* Memantine has NMDAr antagonism effects which will weaken depressive thoughts.
* Memantine has dopaminergic agonist activity (which builds very slowly), eventually improving mood.
* Telmisartan has PPAR gamma activation effects which synergizes with its ARB effect for potent neurological benefits.
* Intense exercise synergizes with all of the above, although it's less critical if the environmental trigger of depression is eliminated.
A reductive investigation will find that the individual components don't cure depression, and that's beside the point. It is only their combination that fully normalizes things.
Noticed a moderate improvement. I think NMDA is one of those targets that's flown under the radar, but now is being implicated with all sorts of cognitive processes.
Treatment for PCP is benzodiazepines/antipsychotics, not ketamine.
Phencyclidine became a reference molecule for many modern drugs currently used.
Benzos aren't used in cases wherein the ER staff suspect the patient is at risk of respiratory depression. Ketamine is effective in these cases, that's the point I was making, I could rephrase it though.
Memantine, at least for Alzheimer's, is basically like giving the patient water, I've never actually seen it change anyone's life significantly.
There's also all the stuff w/ NMDA-receptor encephalitis, a lot of it was written up by Josep Dalmau
FollowingTheDao•18h ago
You can see the K values for the receptors ketamine effects on wikipedia:
https://en.wikipedia.org/wiki/Ketamine#Pharmacology
He does not seem to know ketamine is a D2 receptor agonsit, the same as PCP, yet he mentions it for PCP!
Like most of the "nootropics" people I read they speak only in "vibes".
grillbert•14h ago
>This article is remarkable incomplete
True! There's other posts in this vein on the blog. Most recent posts have concerned the NMDA Receptor, i'm mainly using ketamine to tease out intracellular effects of different NMDAR currents.

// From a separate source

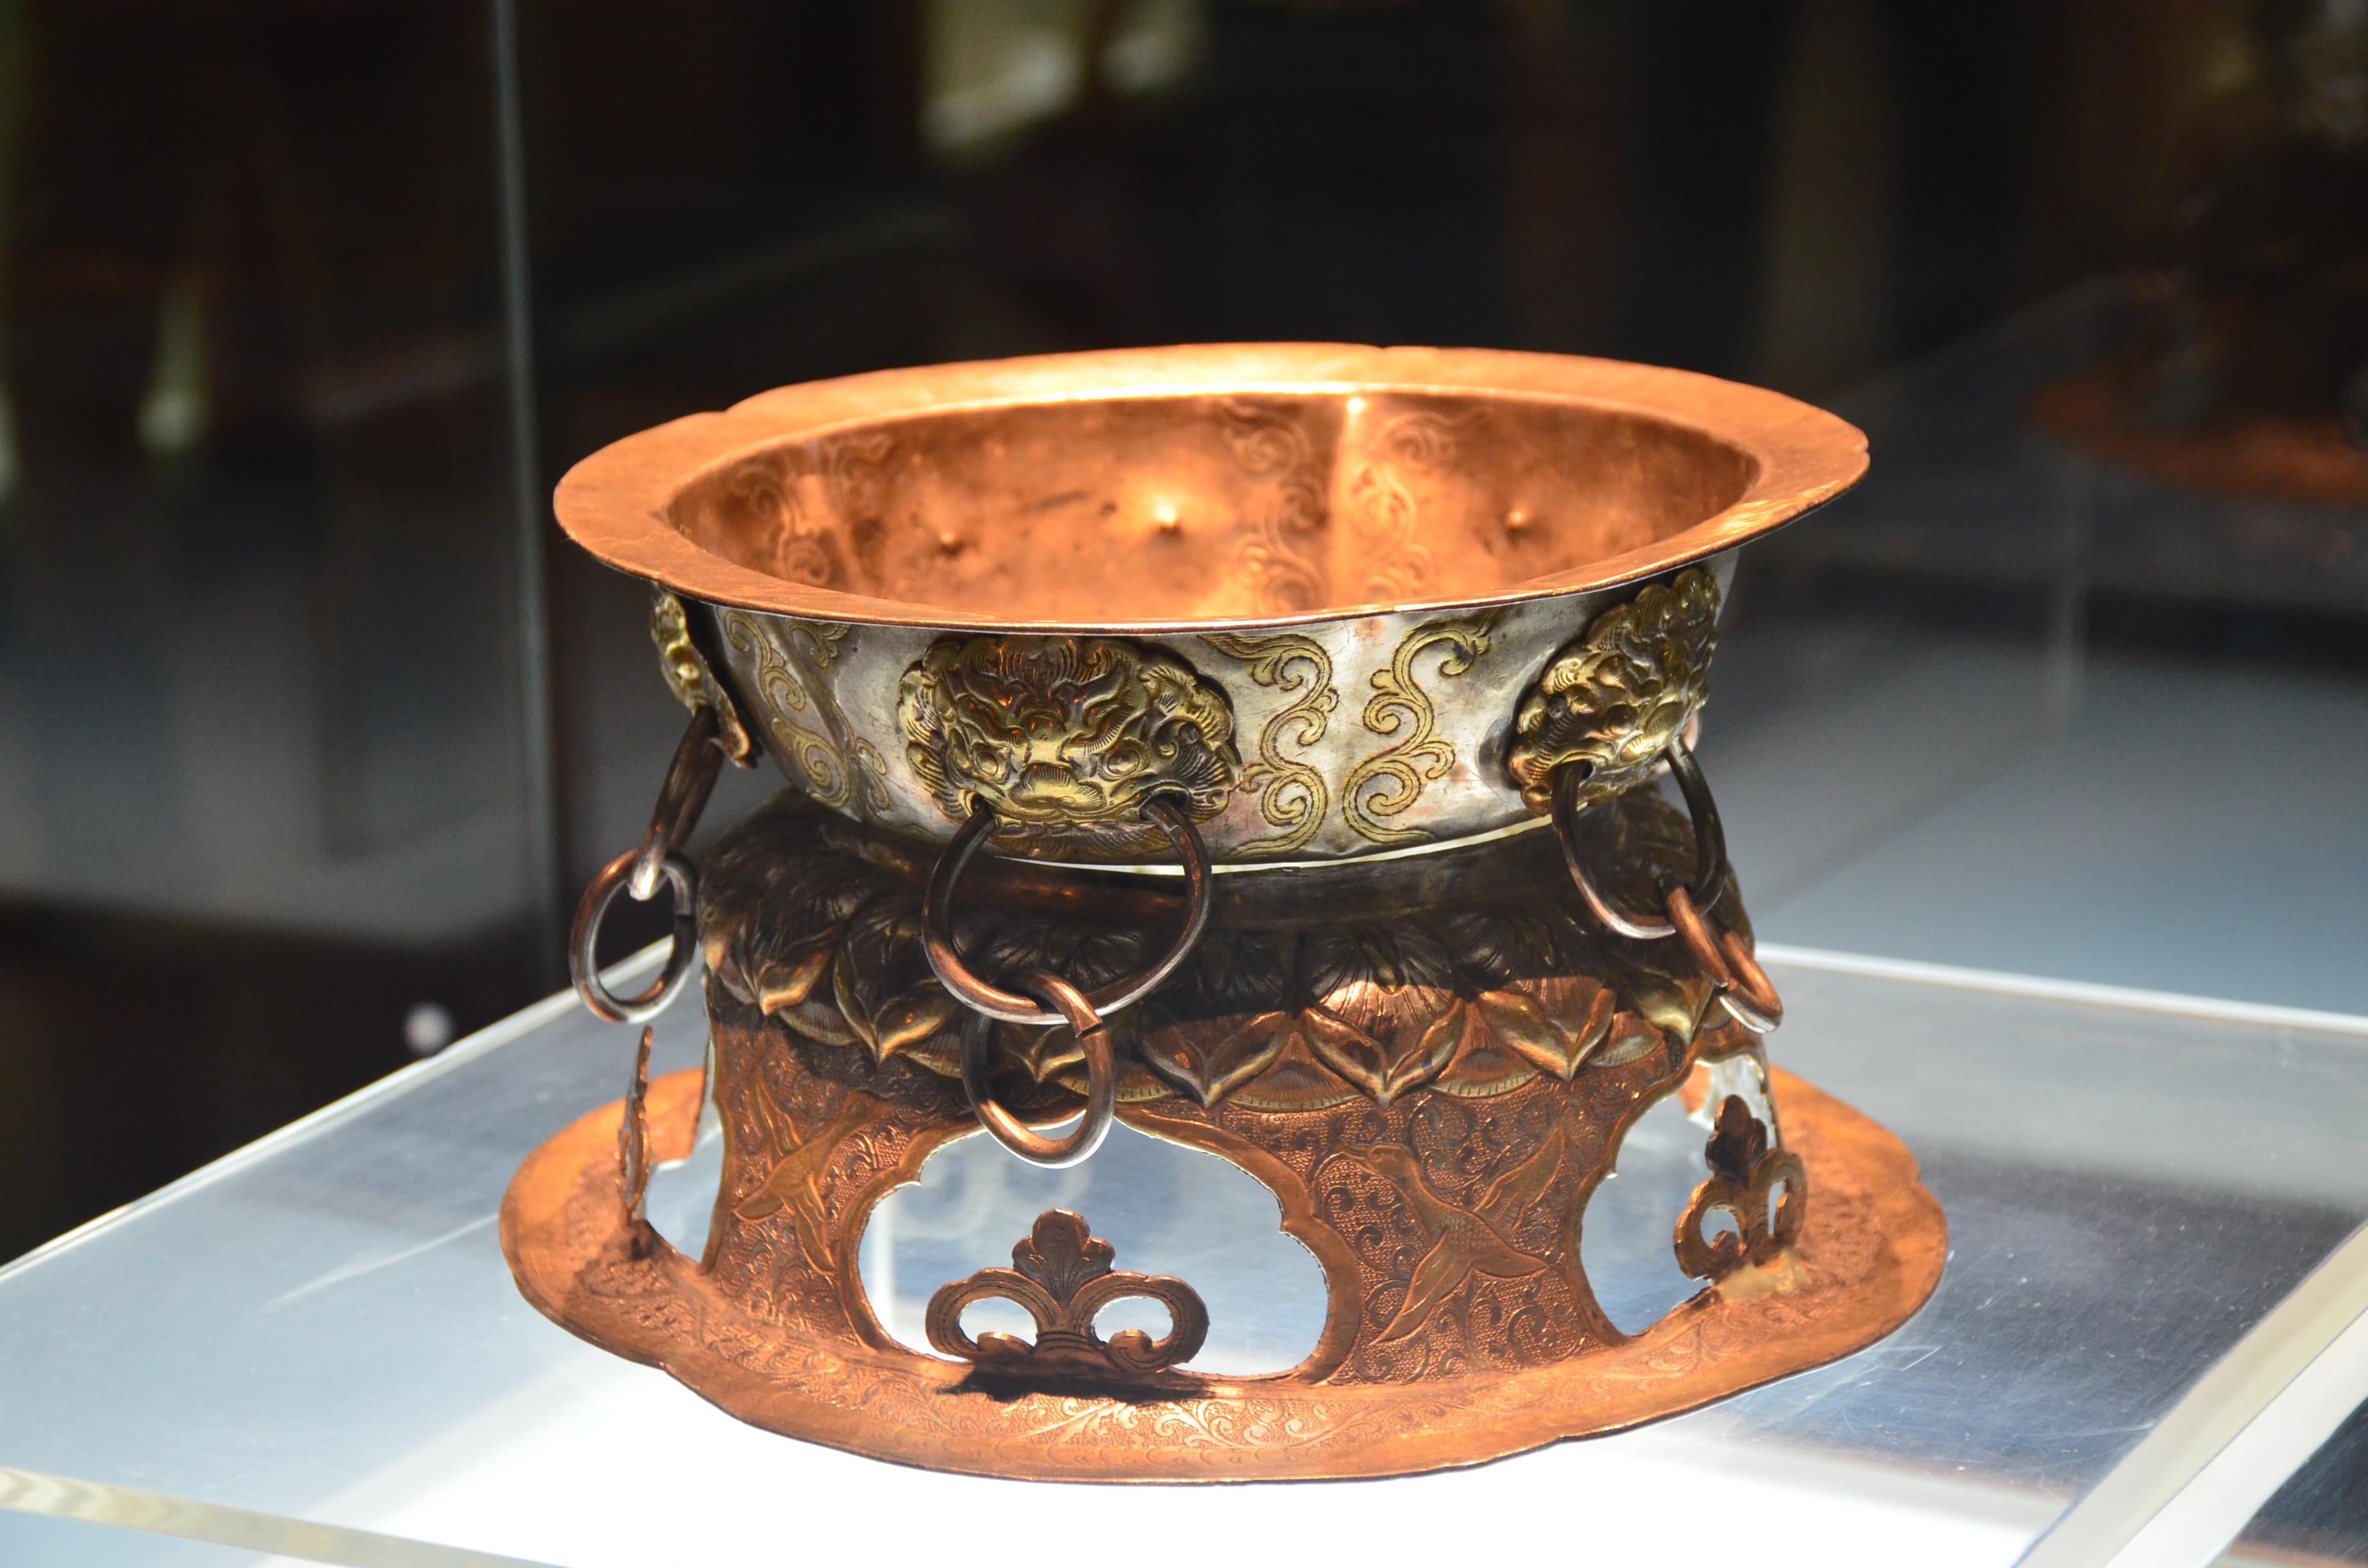 陕西博物馆内我们惊讶于馆内文物的精美,虽然科学的发展不断滚滚向前

>At higher doses it start effecting other receptors which is why a higher does has seemingly opposite effects.
Also true, but not sure if that necessarily conflicts with what I'm writing about here in comparing Ketamine to Memantine.
>He does not seem to know ketamine is a D2 receptor agonsit, the same as PCP, yet he mentions it for PCP!
Learned this halfway through writing, forgot to amend that section. Completely on me.